### Study material ###

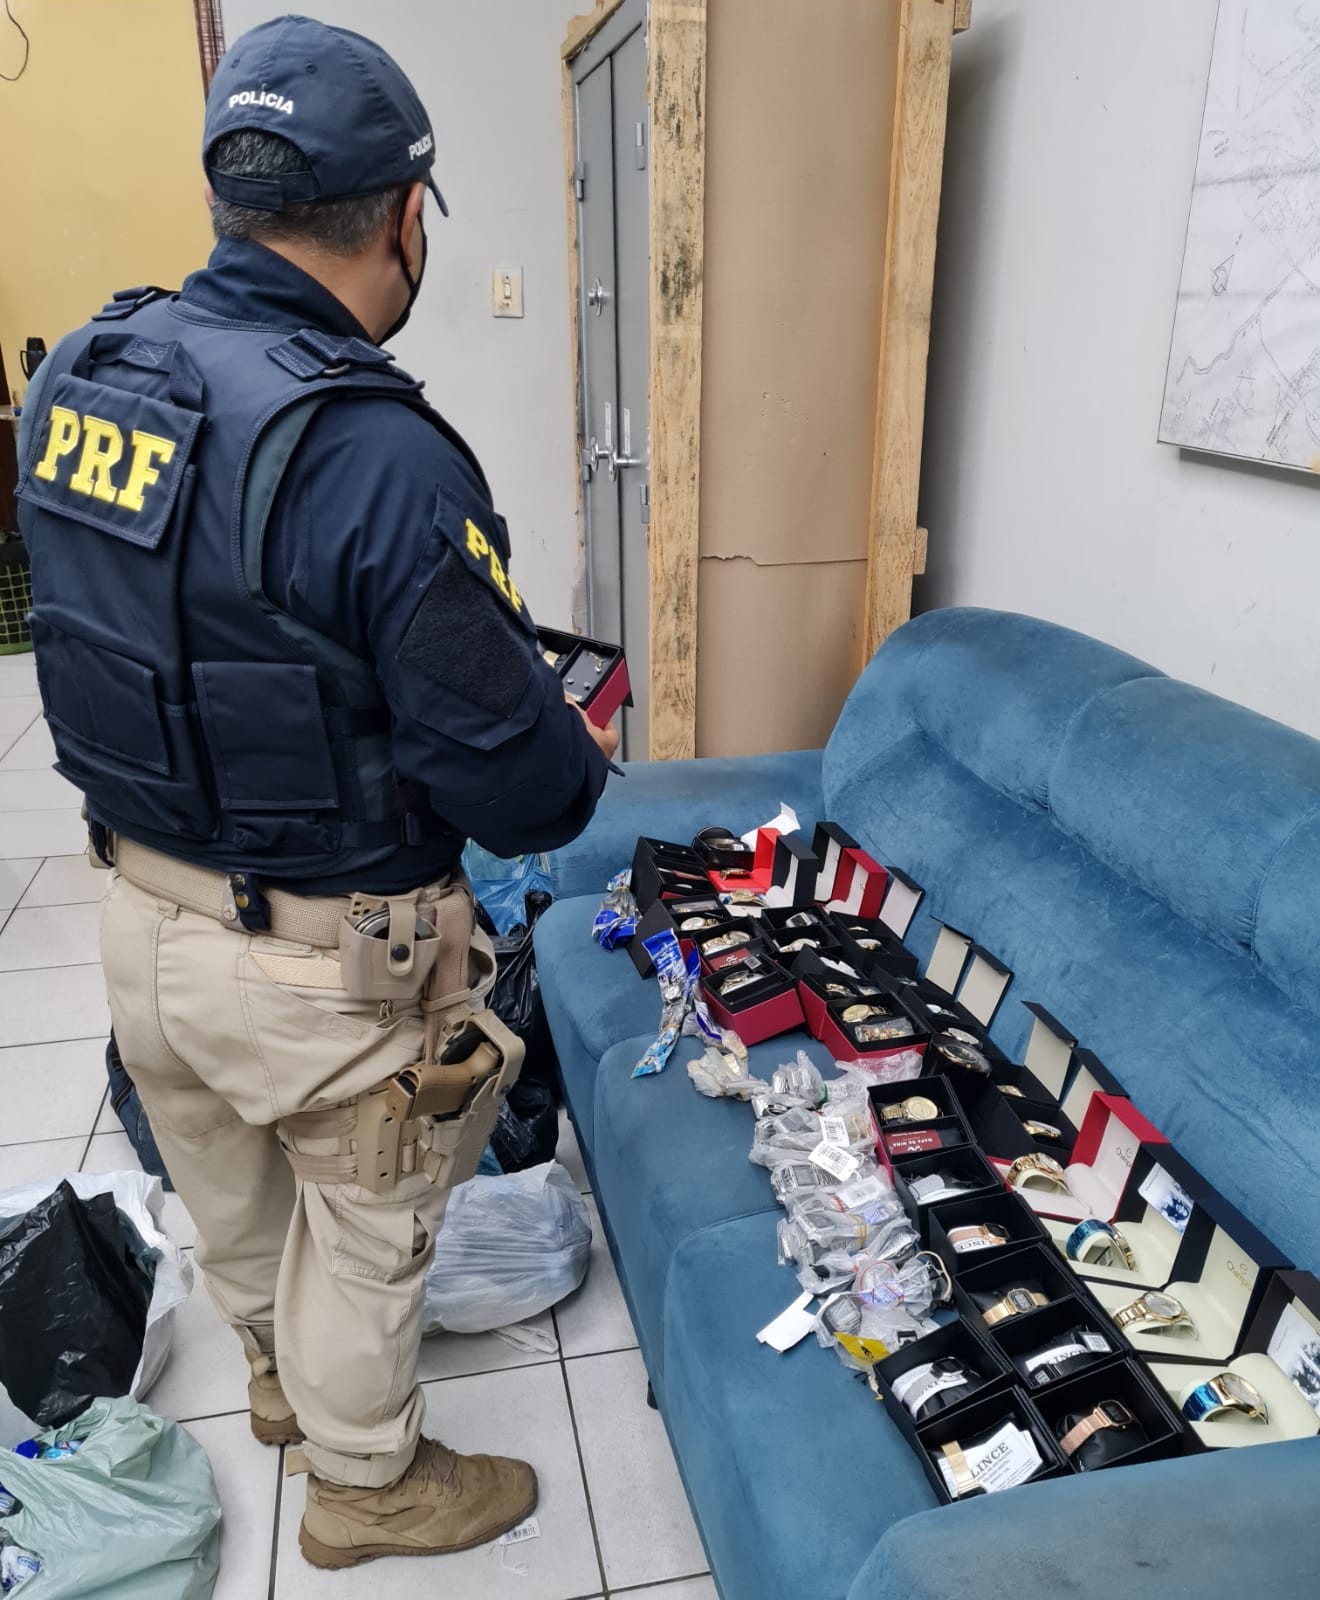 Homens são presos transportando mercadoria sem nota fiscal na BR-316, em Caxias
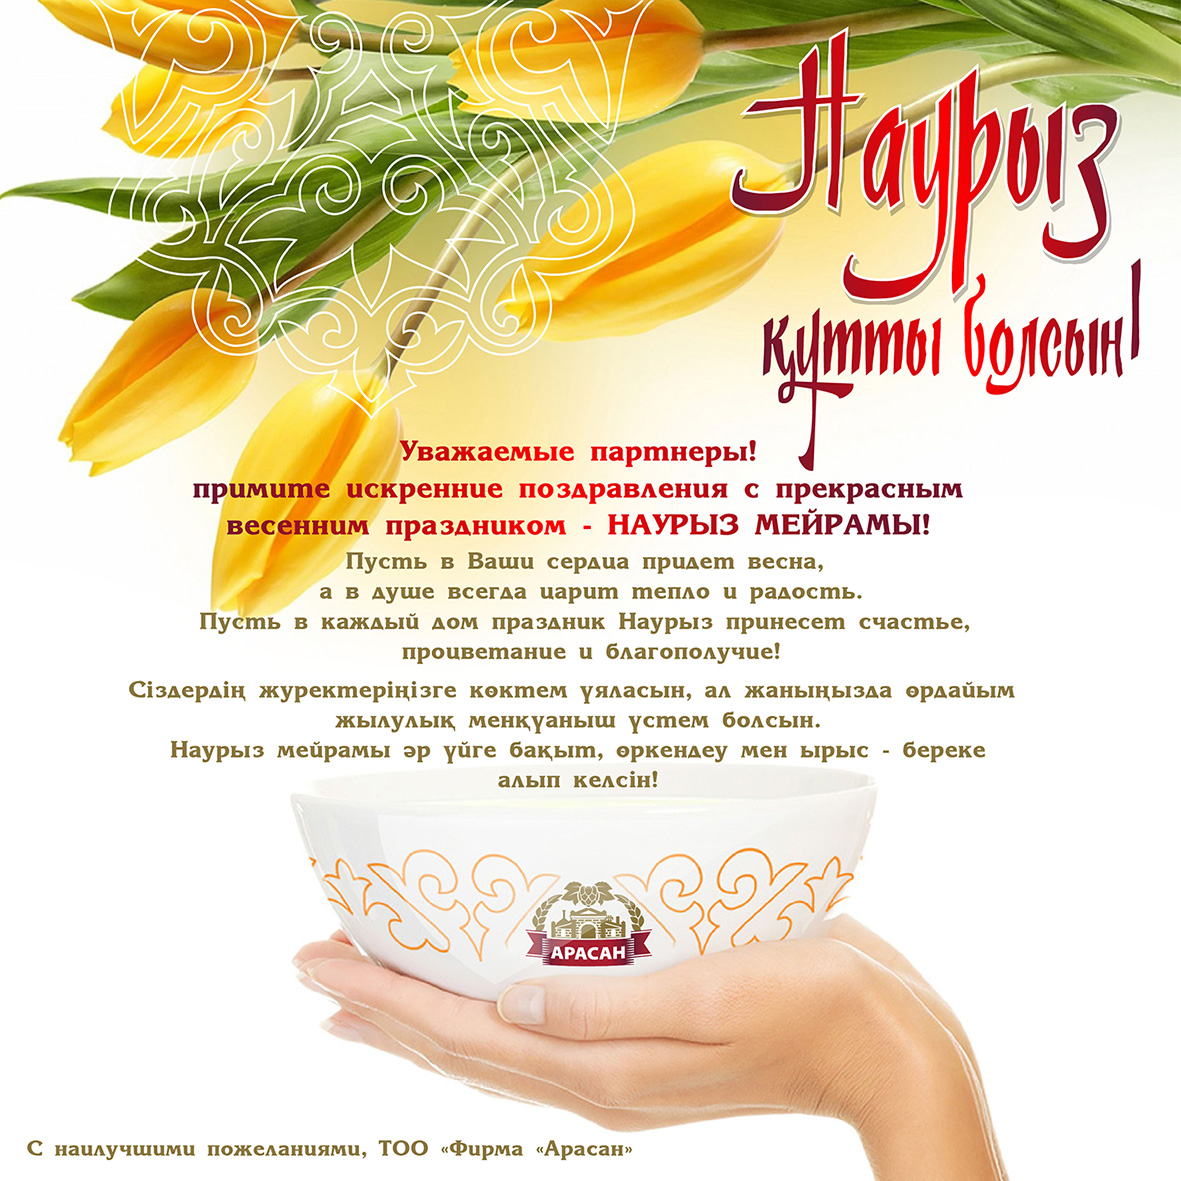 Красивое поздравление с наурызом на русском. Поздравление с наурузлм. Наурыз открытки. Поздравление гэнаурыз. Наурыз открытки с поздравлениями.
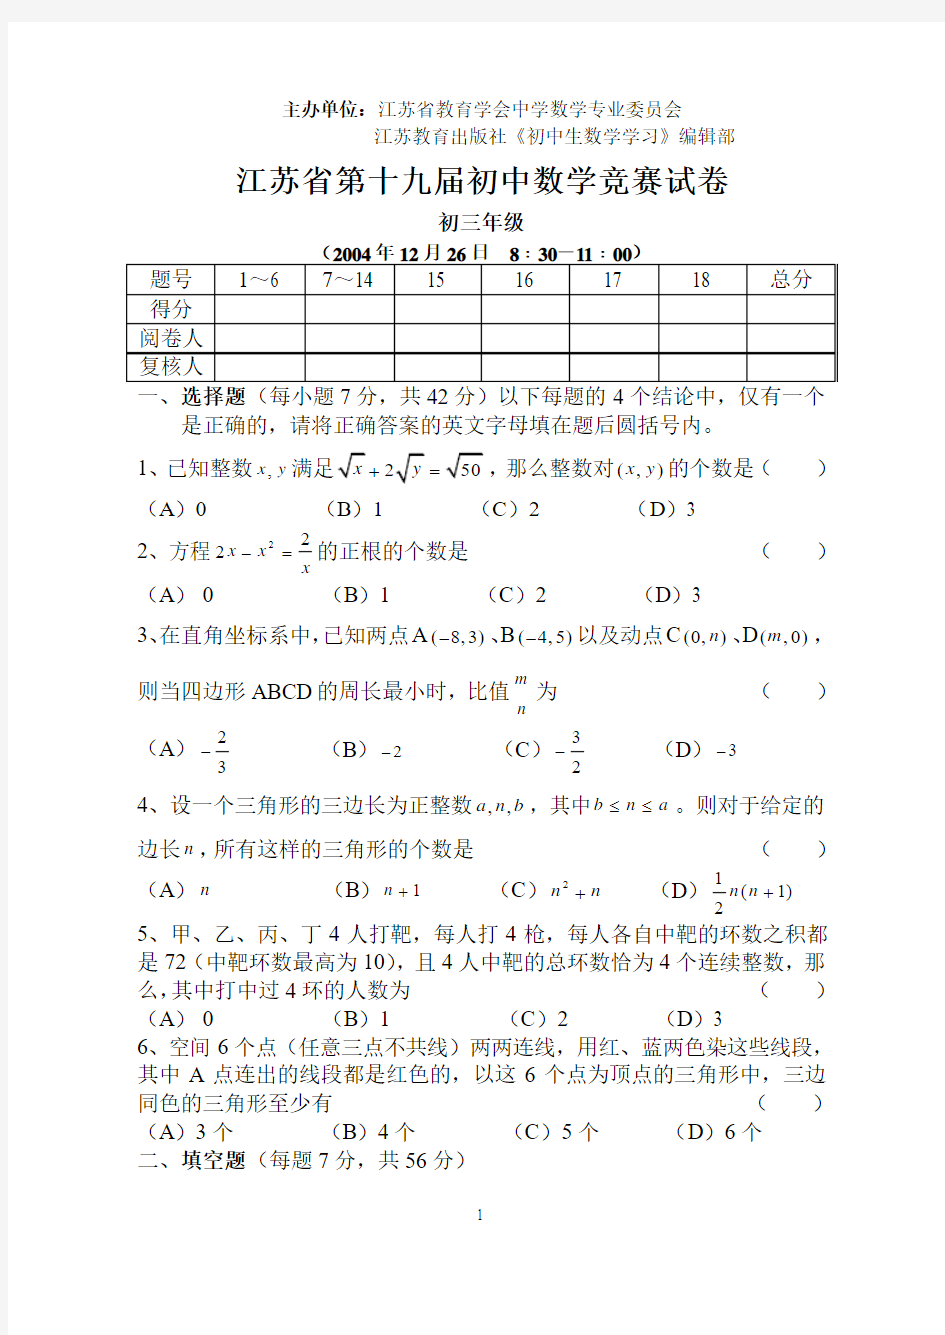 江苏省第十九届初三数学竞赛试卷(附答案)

###
### Study material ###

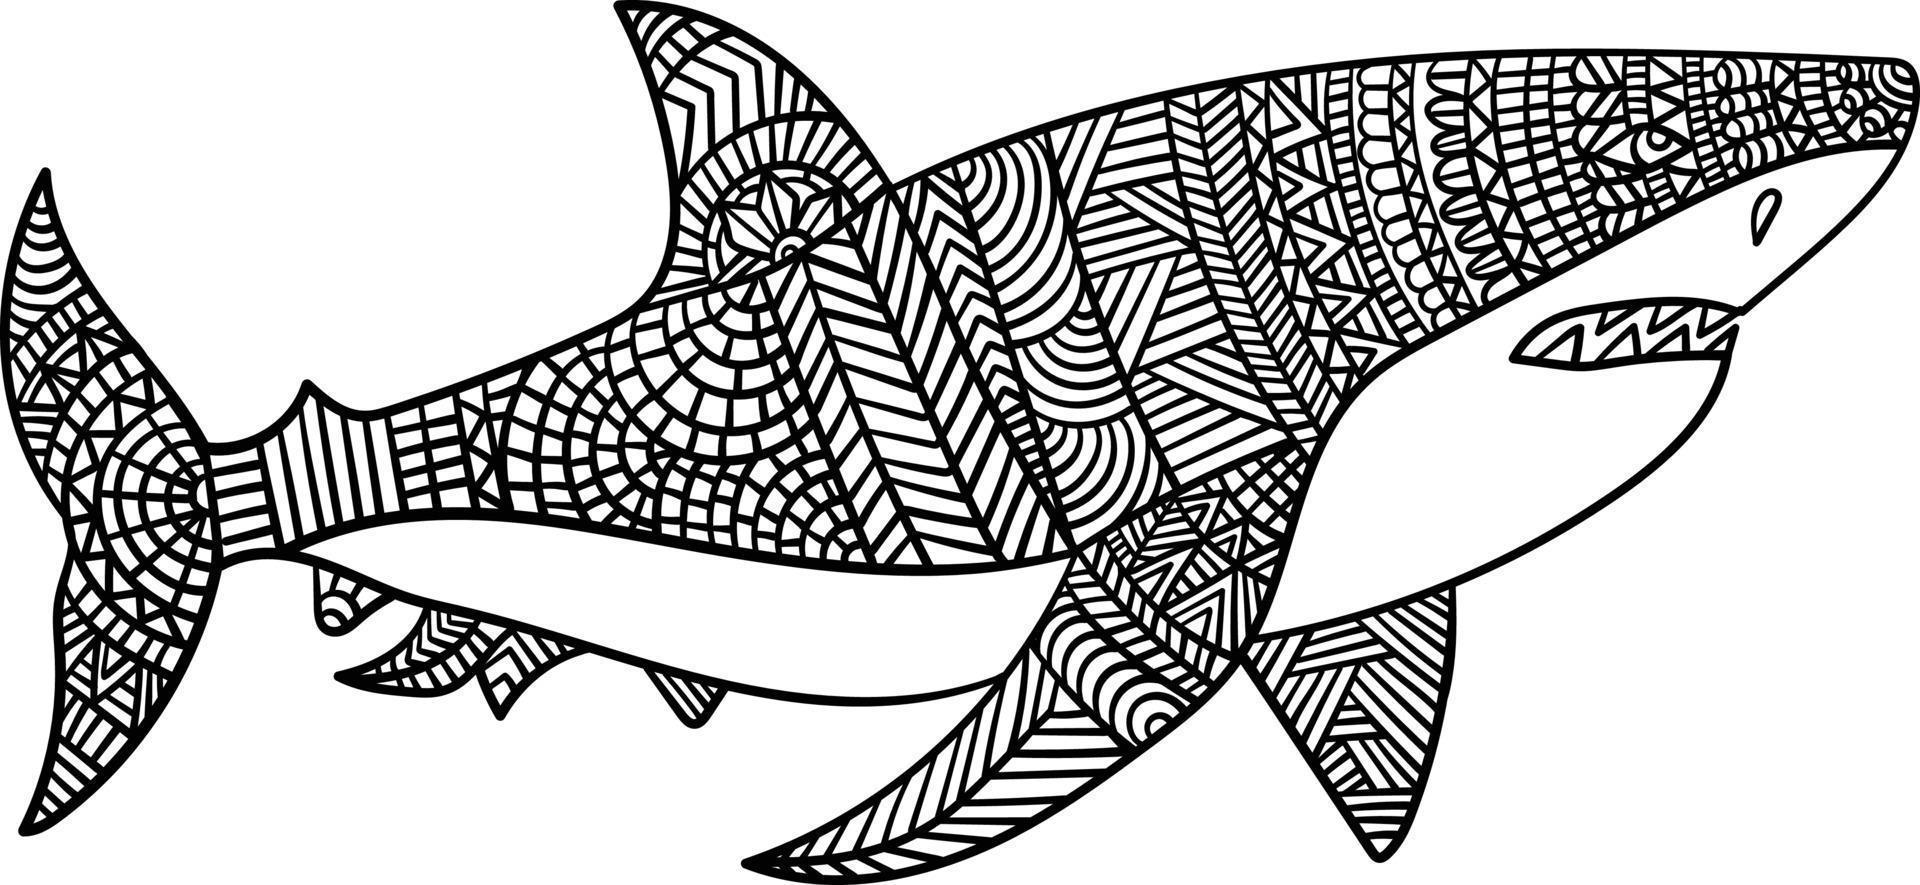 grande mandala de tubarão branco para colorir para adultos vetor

###

Give back exactly the lines of the listing above from the one that contains "Красивое поздравление с" up to and including the one that contains "江苏省第十九届初三数学竞赛试卷(附答案)", but not the pictures, and no other lines.

 Красивое поздравление с наурызом на русском. Поздравление с наурузлм. Наурыз открытки. Поздравление гэнаурыз. Наурыз открытки с поздравлениями.
 江苏省第十九届初三数学竞赛试卷(附答案)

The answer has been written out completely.